Planting for success:
I often see new plants suffocated by the heavy soils around them and being over-watered by the existing overhead spray or drip system. To make sure drainage and soil pore space is sufficient for the new tree to establish, proper planting is key.
Be sure to plant with the roots ball at or slightly above surrounding grade and make sure the hole is 3X as wide as the root ball. If you have heavy clay soils, they should be amended with a lighter material to promote good drainage. I like to amend the soil from the hole by mixing in up to 50% “Gromulch” or 20% “Perlite.” The roots will have to grow into the surrounding soil eventually, but this gives them a good head start and reduces root competition when establishing.

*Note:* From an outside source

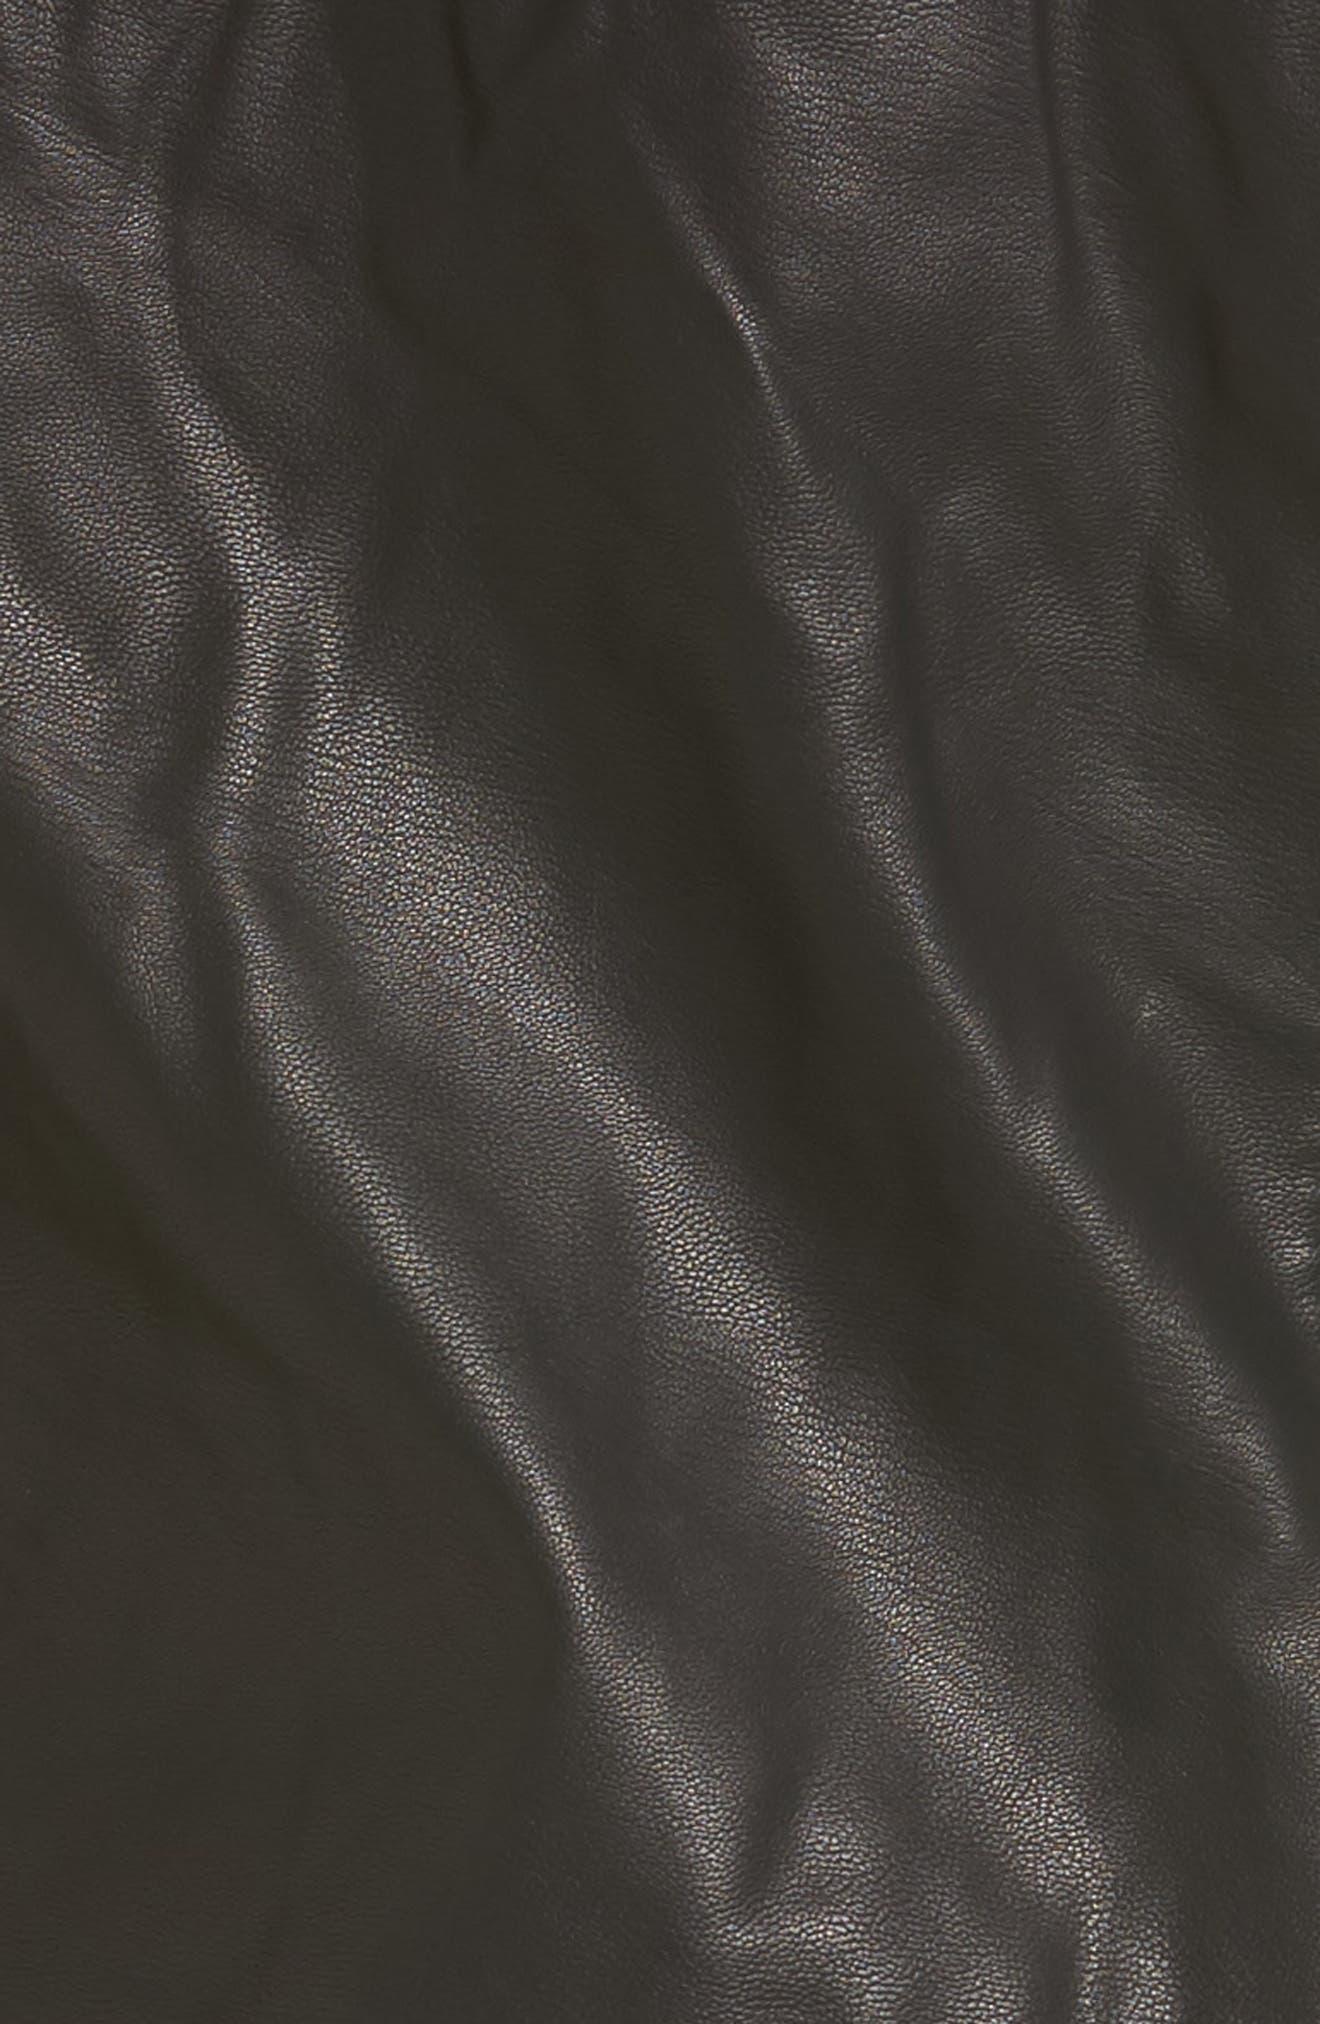 Luna Faux Leather Biker Jacket,                             Alternate thumbnail 5, color,                             Black

I don’t recommend putting any fertilizer in your planting hole. Up to 20% of well-rotted organic compost or a handful of worm castings is OK for hungry plants like roses. 😊
When planting trees, they must also be properly staked. Unless you have a camphor or persimmon (brittle wooded), remove the bamboo/wooden nursery stake first. Print and out use these excellent tree planting specs from the City of Fremont: https://www.fremont.gov/2722/Planting
Creating the watering basin
The watering basin is the area around the tree where you are going to 1) Mulch 2) Water and 3) Weed around your new plant. It is established with a soil berm around the perimeter of your planting hole, which will act as a natural funnel for deep watering.

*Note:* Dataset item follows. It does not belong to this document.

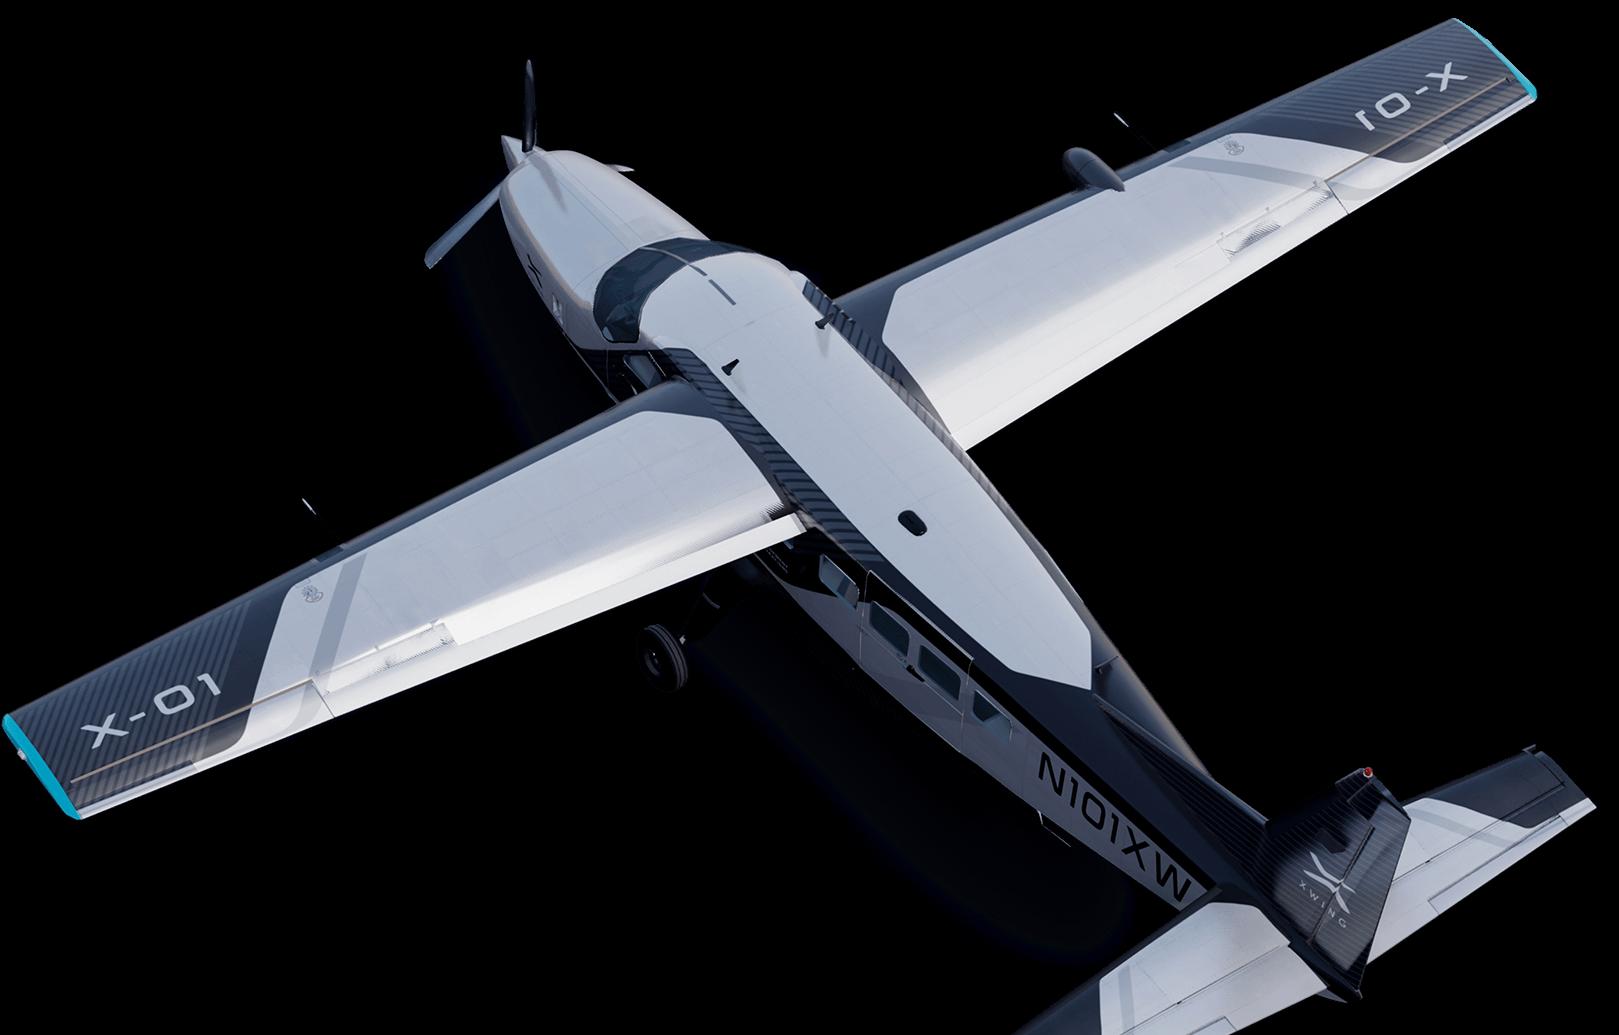 Autonomous Xwing Plane

Mulch: Apply four inches (4”) of wood chips to insulate the soil and prevent weeds. Layer should be even like a pancake. Do not pile it against the trunk. Proper mulching is very important!
How much to water:
For perennials and shrubs: Water your plant to soak the root ball every day for the first week. Then, 1-gallon of water per # of container size 3X per week for the first 4 – 6 weeks until established AND until the hottest part of the summer has passed. (Example: 1 gallon for a 1-gallon size, 5 gallons for 5-gallon size.) Then reduce frequency to once per week to provide a deep soaking in lieu of heavy rain in the cool season. For the plant’s second Spring, California natives may not need any water, or just once per month to keep them looking good. Plants that like regular water should be watered once or twice per week and allowed to dry-down a bit in-between. Make sure to adjust out the location of emitters to the edge of the plant as it grows.
For 15-gallon tree: 5 gallons H20 3 X per week for the first 6 - 12 months. Then water 10 – 15 gallons once per week until the tree the tree is established, usually 1 - 3 years after planting.

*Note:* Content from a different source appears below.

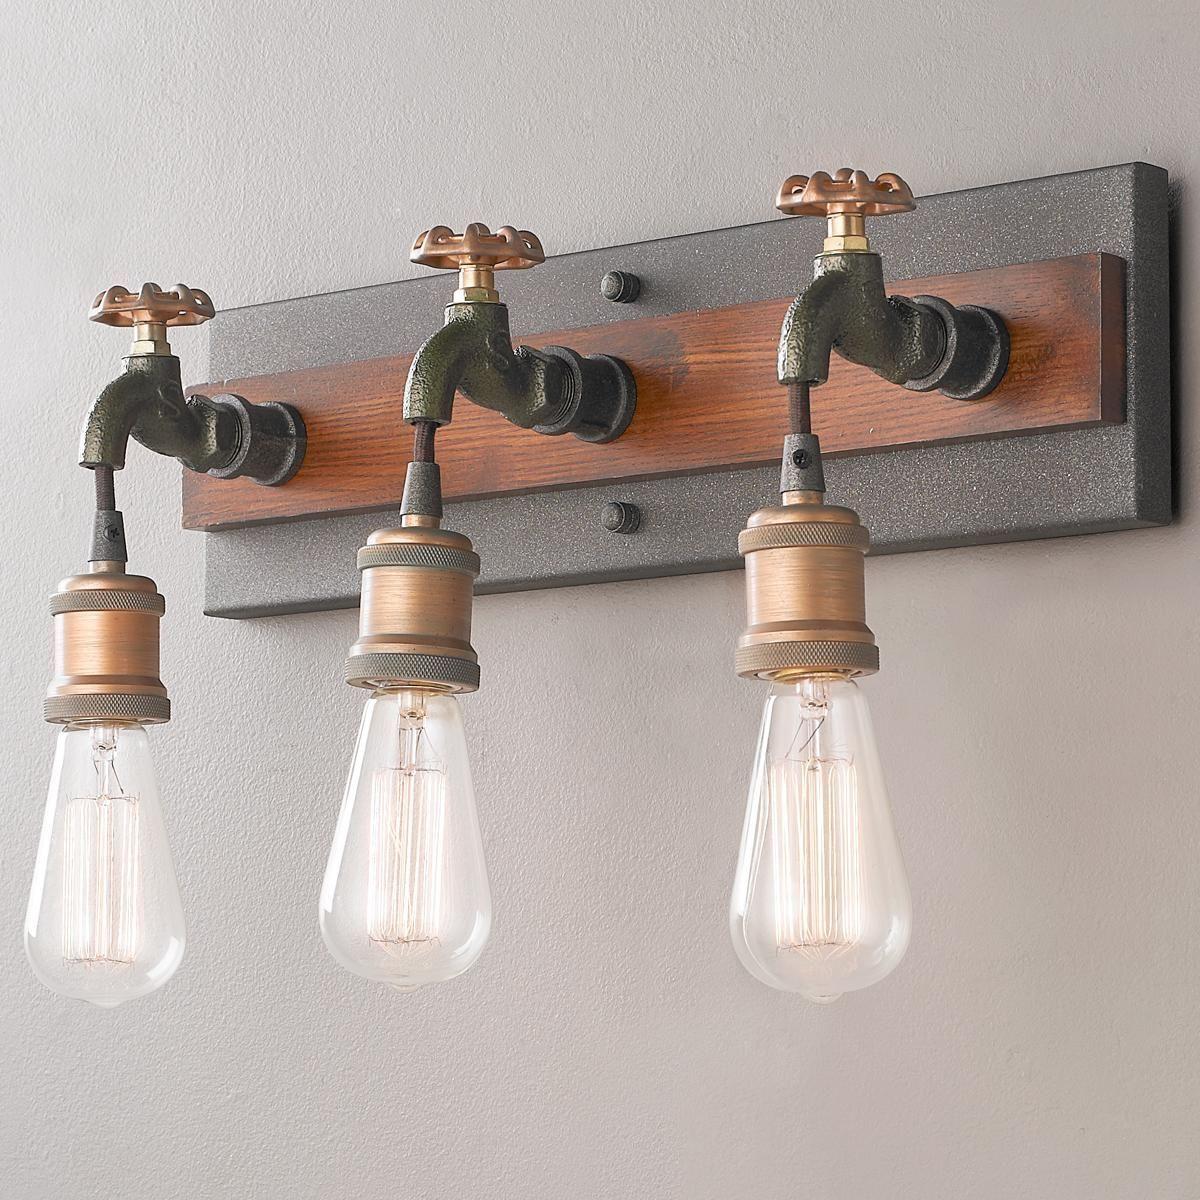 Dripping Tap Bathroom Light 3 Lights Rohr Beleuchtung Flaschenleuchten Und Kupfer Beleuchtung

For 24-inch-box trees: 20 gallons H20 2 X per week for the first 12 months. Then water 30 – 40 gallons once per week until the tree the tree is established, usually 3- 5 years after planting.
You know the tree is established when the root ball no longer wobbles in the ground when shaking the trunk. Support stakes can be removed at this time. After the tree is established, you can stop watering during the rainy season. For natives, you can taper off water all together. Always water you tree during drought years during the season appropriate for them.
How to water Trees:
My favorite way to water trees is with buckets 😊.
Since few people choose to go this route, I recommend you irrigate with two designated, pressure-regulated “tree bubblers.” These can be run off a conventional or drip system. They should be installed over the root ball and inside the soil berm.